# [WHAT THE TASK ASKS]
Only the pictures are to be omitted; every entry beneath should otherwise be duplicated exactly.

# [MATERIALS PROVIDED]
• • •

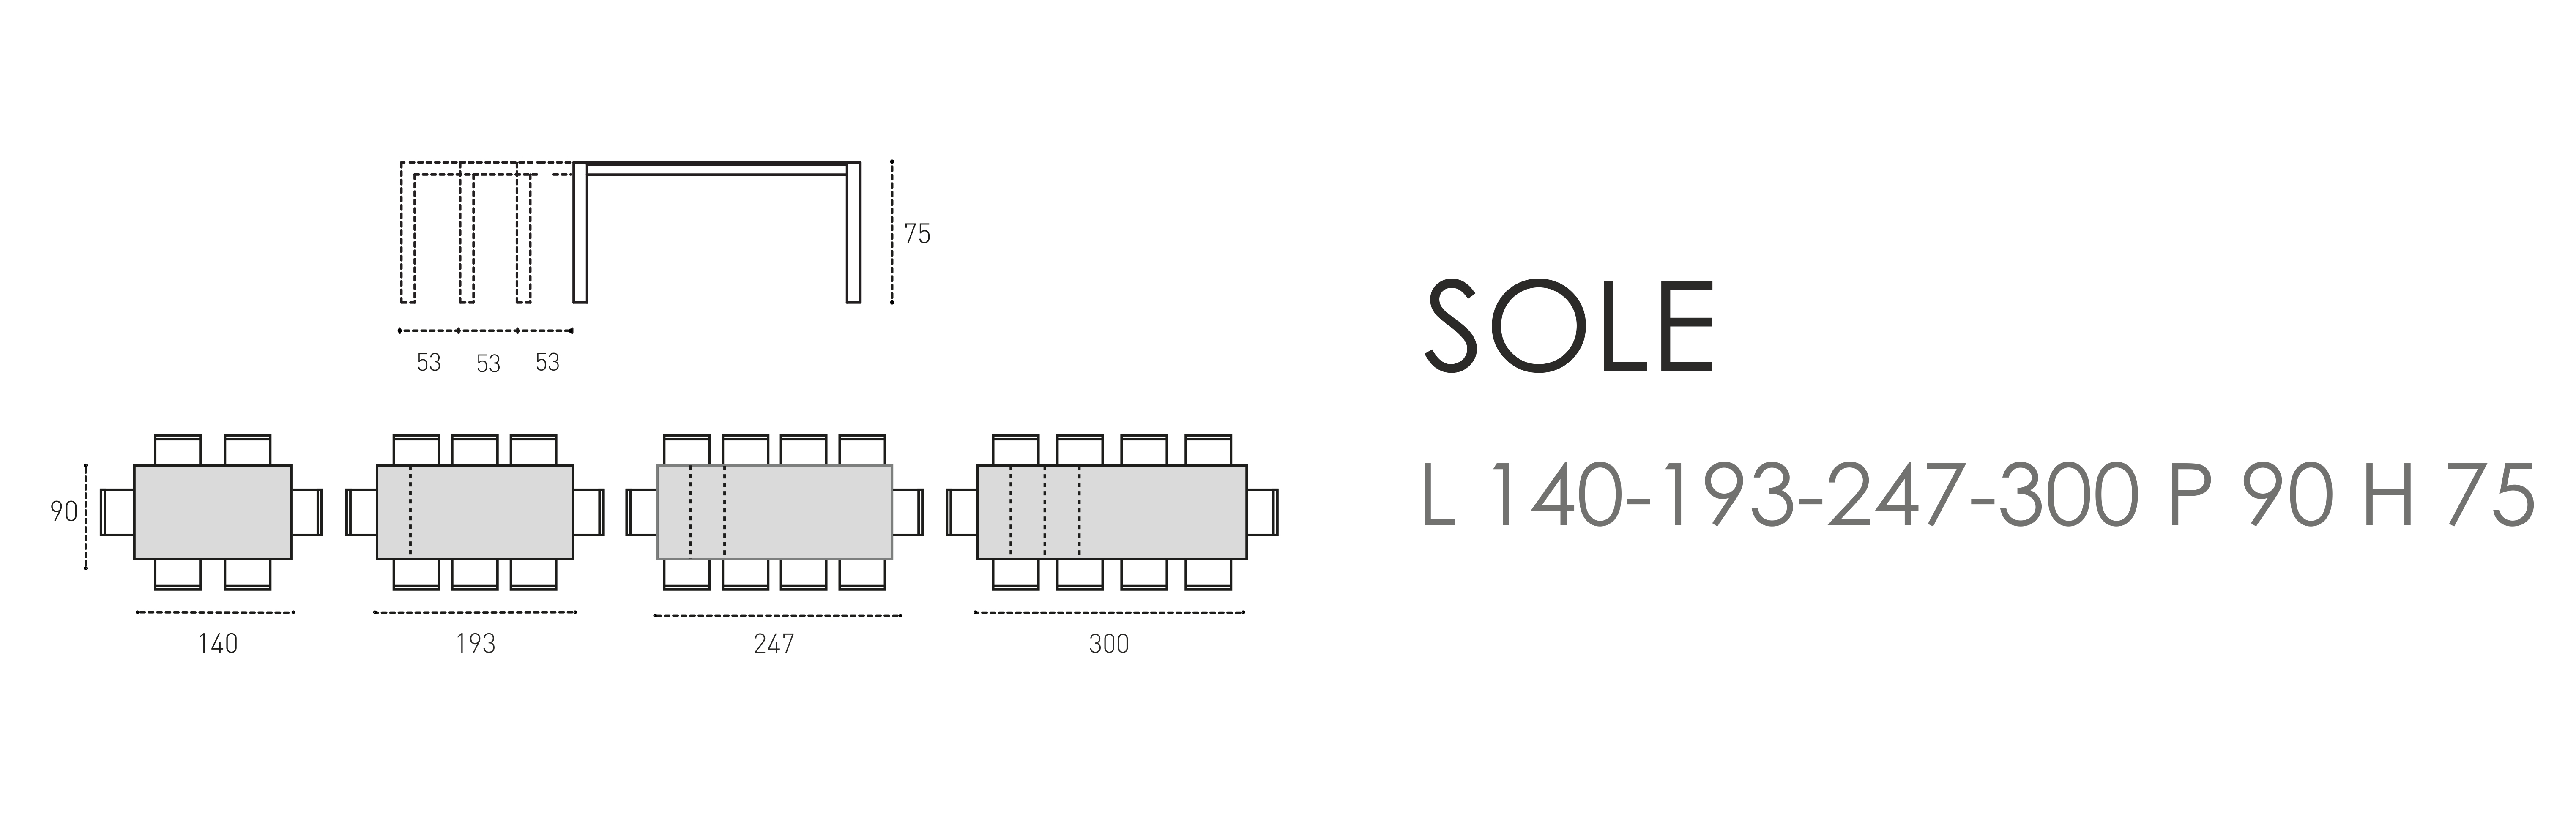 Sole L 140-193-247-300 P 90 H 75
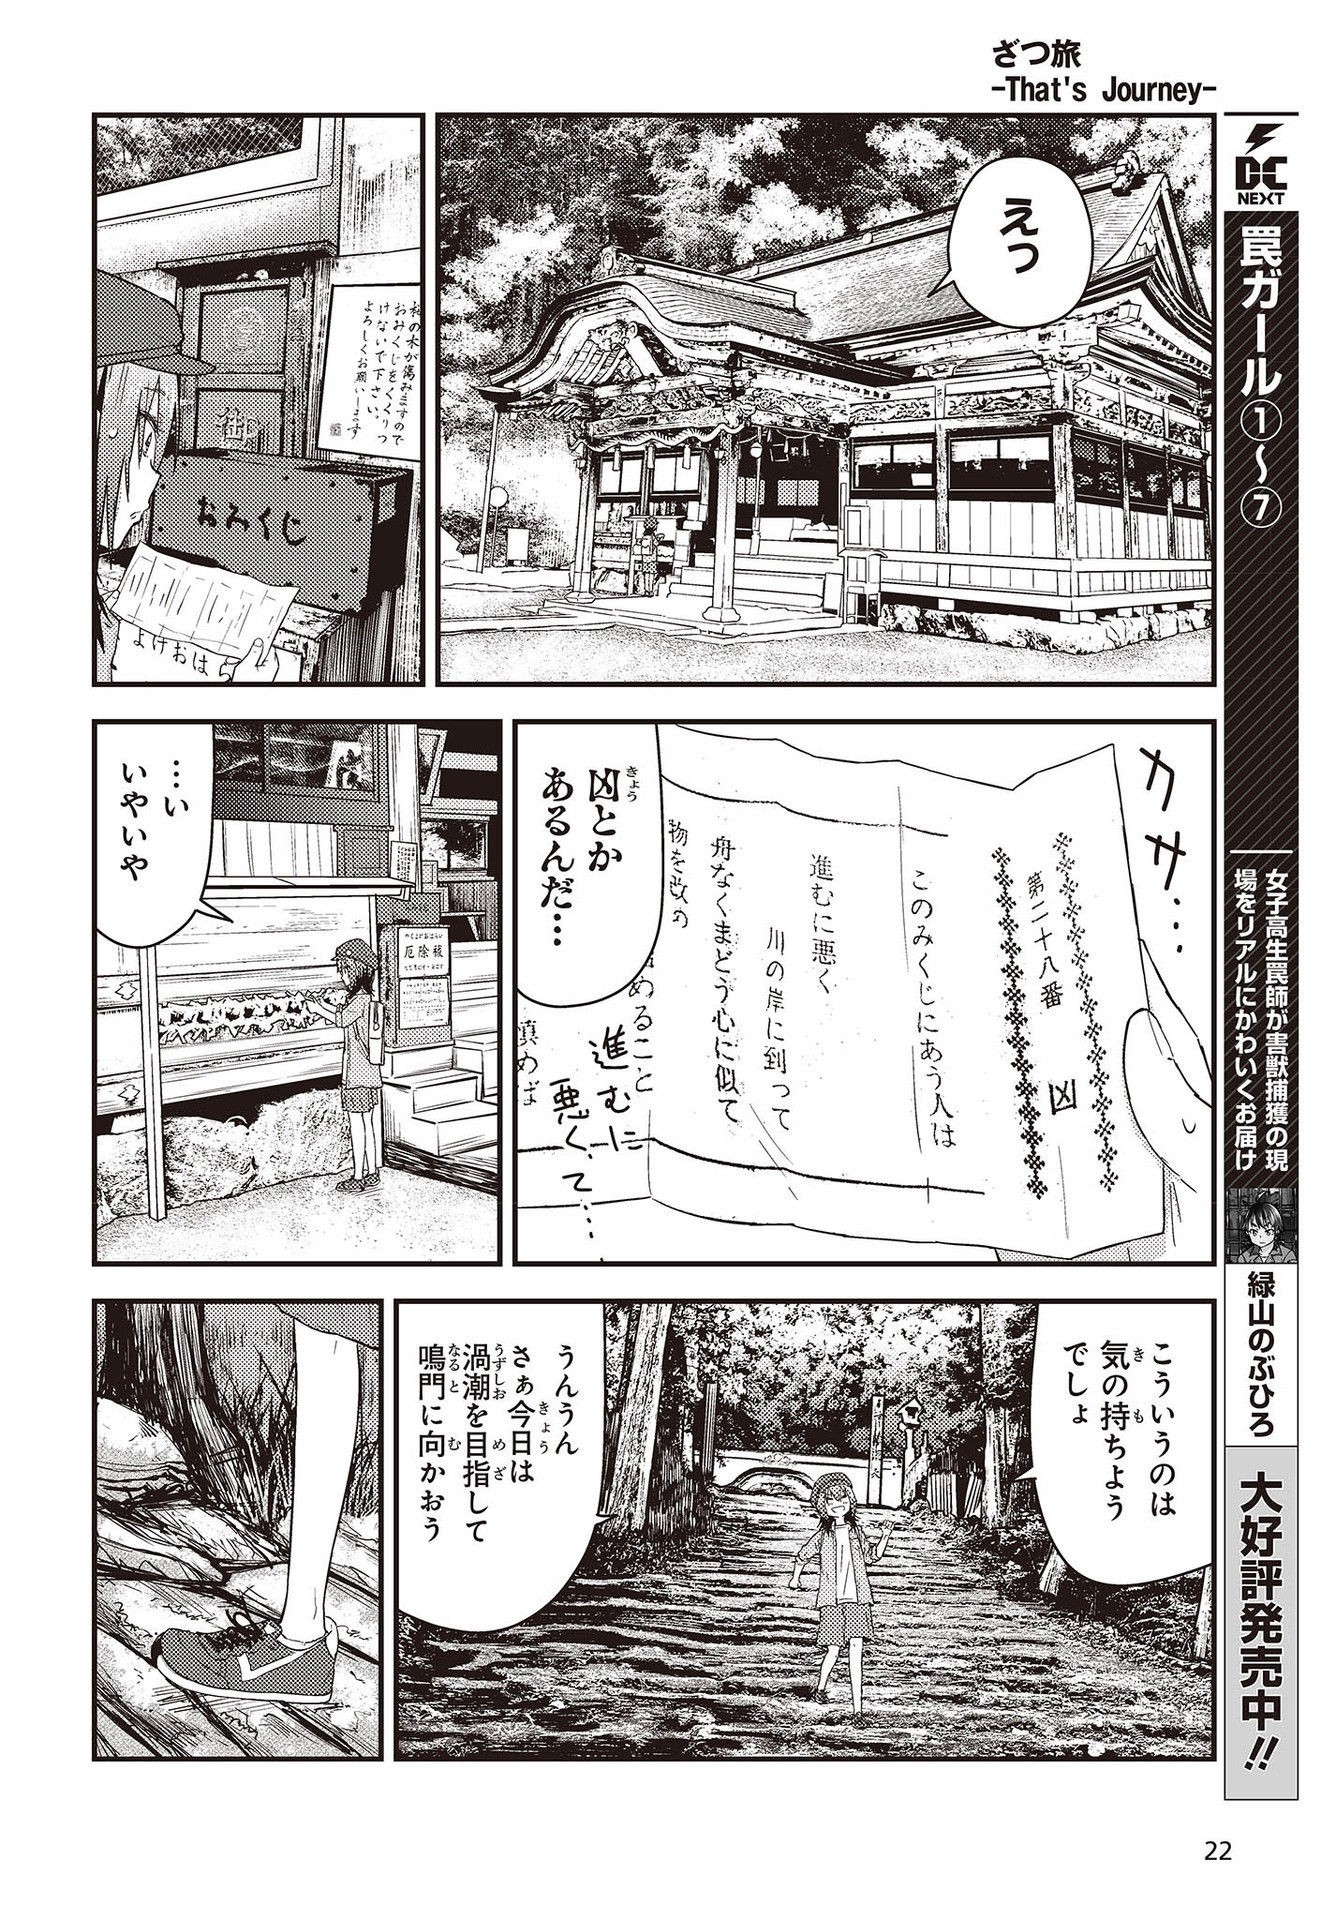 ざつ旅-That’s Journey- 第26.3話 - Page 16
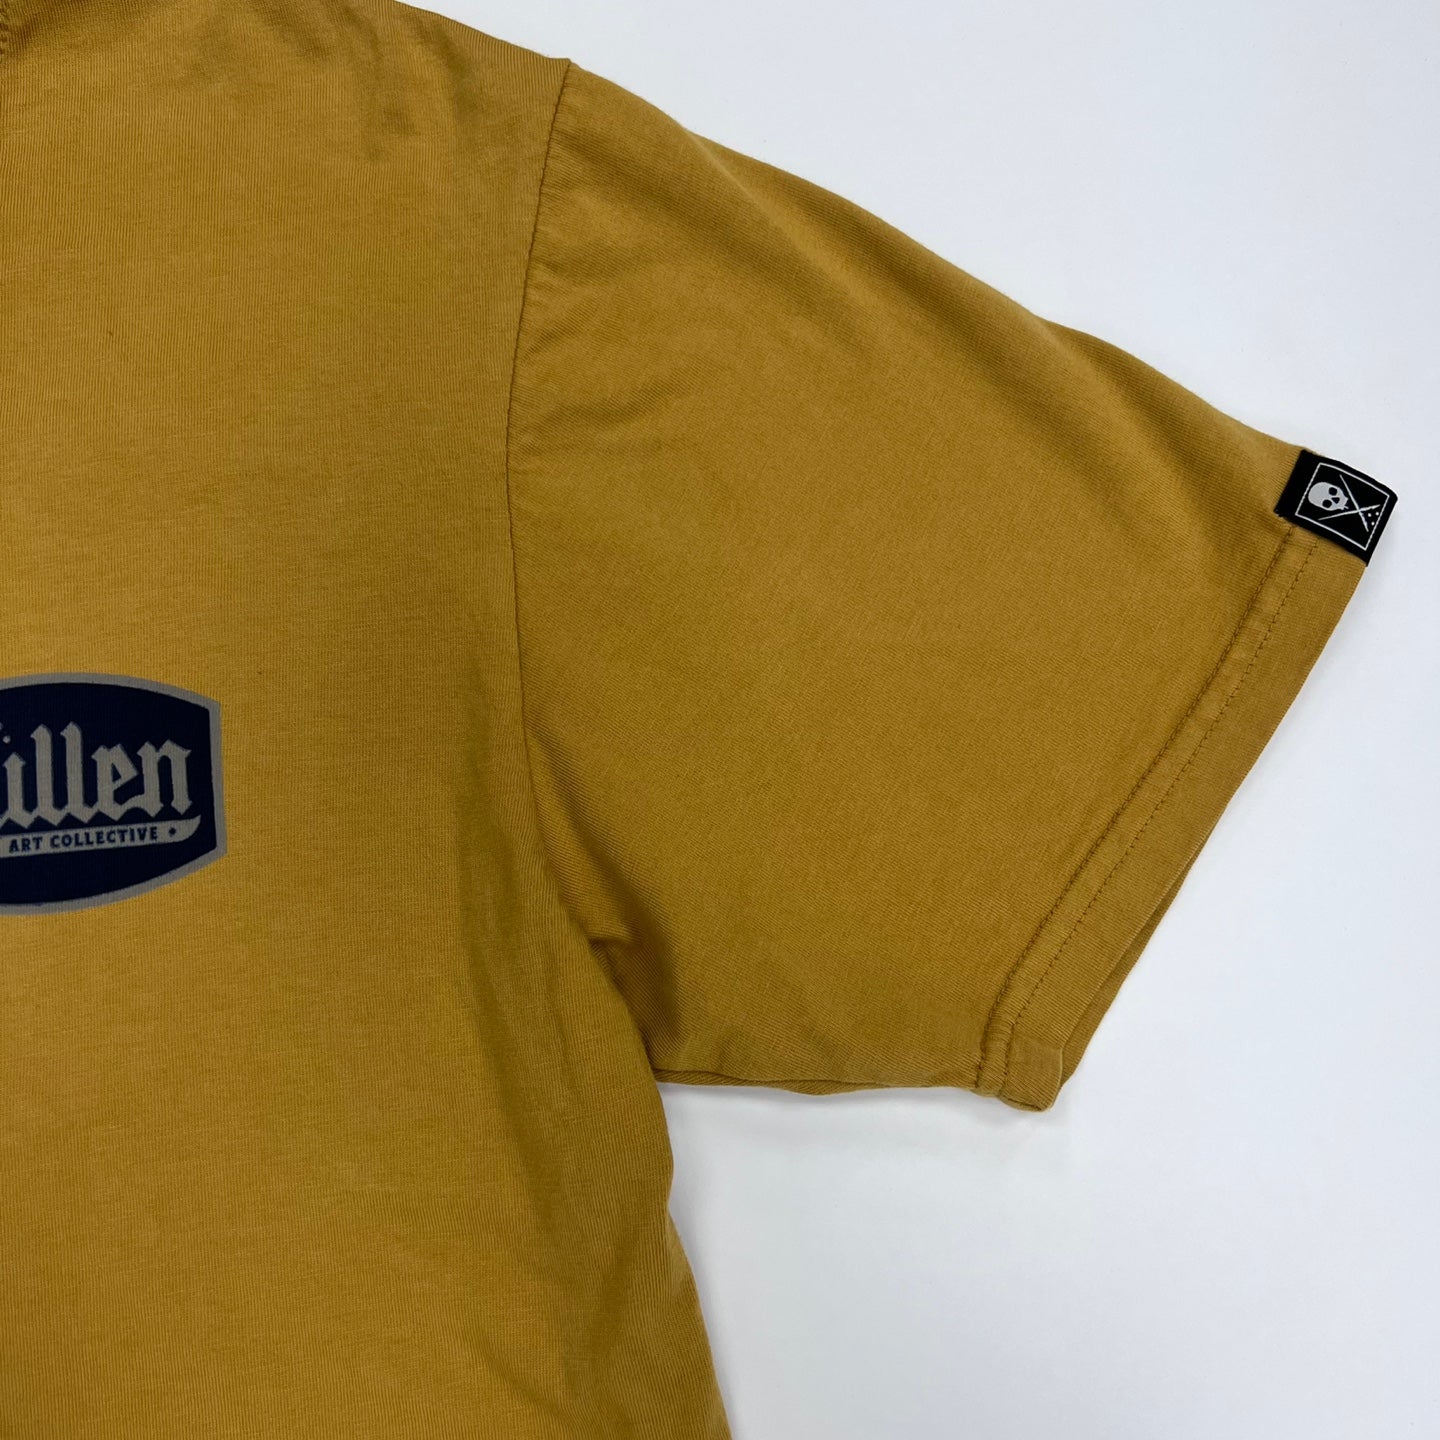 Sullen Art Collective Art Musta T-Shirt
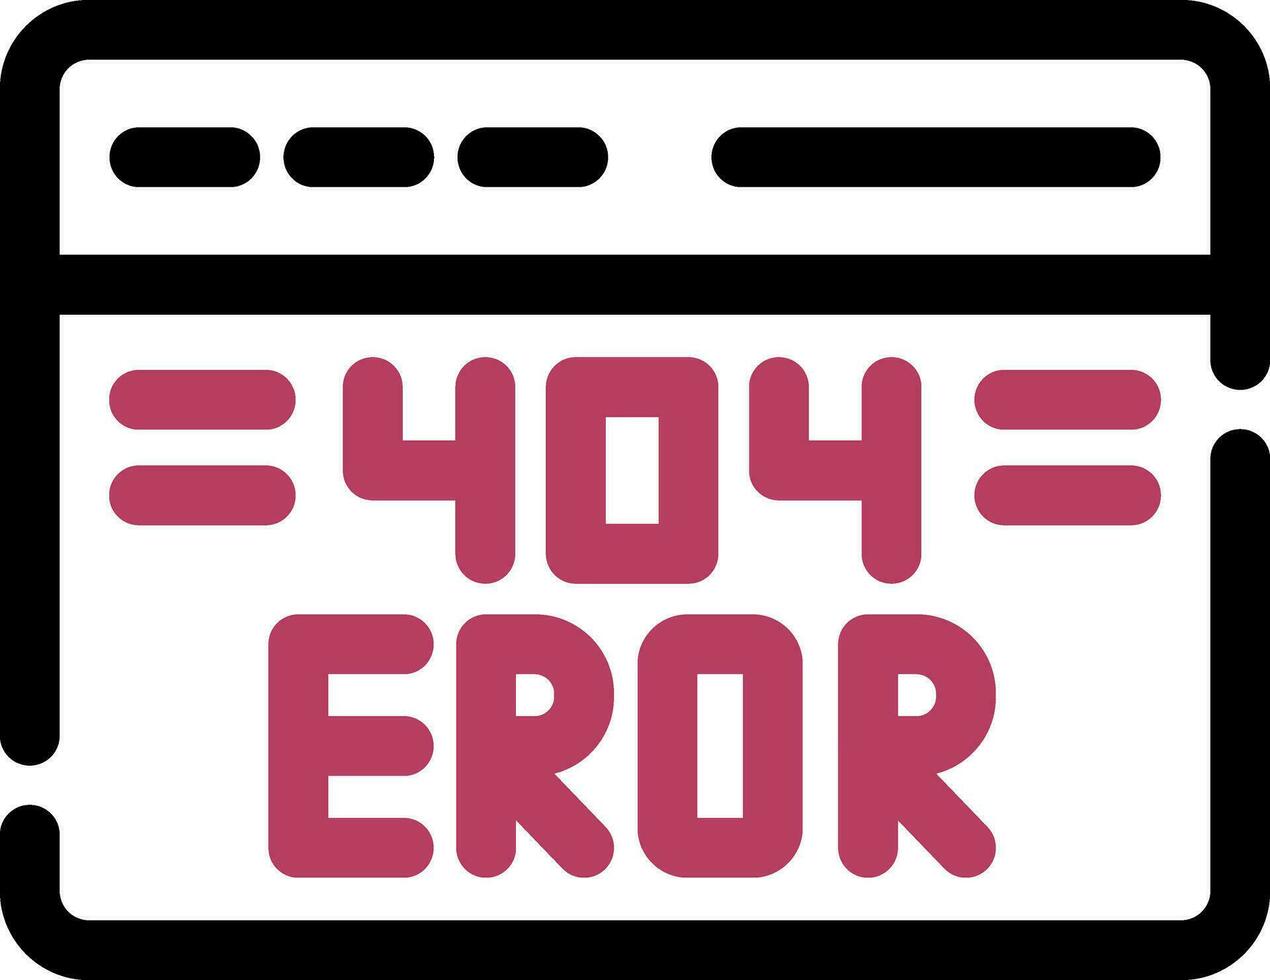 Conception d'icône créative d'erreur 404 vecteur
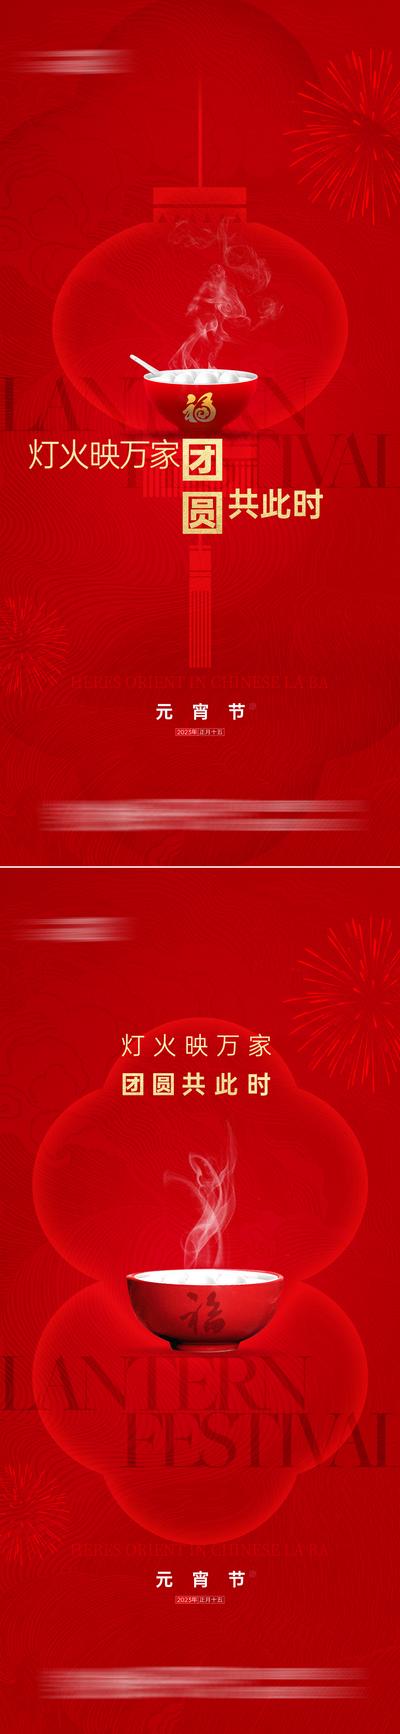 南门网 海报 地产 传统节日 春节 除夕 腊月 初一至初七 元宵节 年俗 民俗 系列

• • •

# [TASK RESPONSE]
 Sole L 140-193-247-300 P 90 H 75
 ざつ旅-That’s Journey- 第26.3話 - Page 16
 Sullen Art Collective Art Musta T-Shirt
 Conception d'icône créative d'erreur 404 vecteur
 南门网 海报 地产 传统节日 春节 除夕 腊月 初一至初七 元宵节 年俗 民俗 系列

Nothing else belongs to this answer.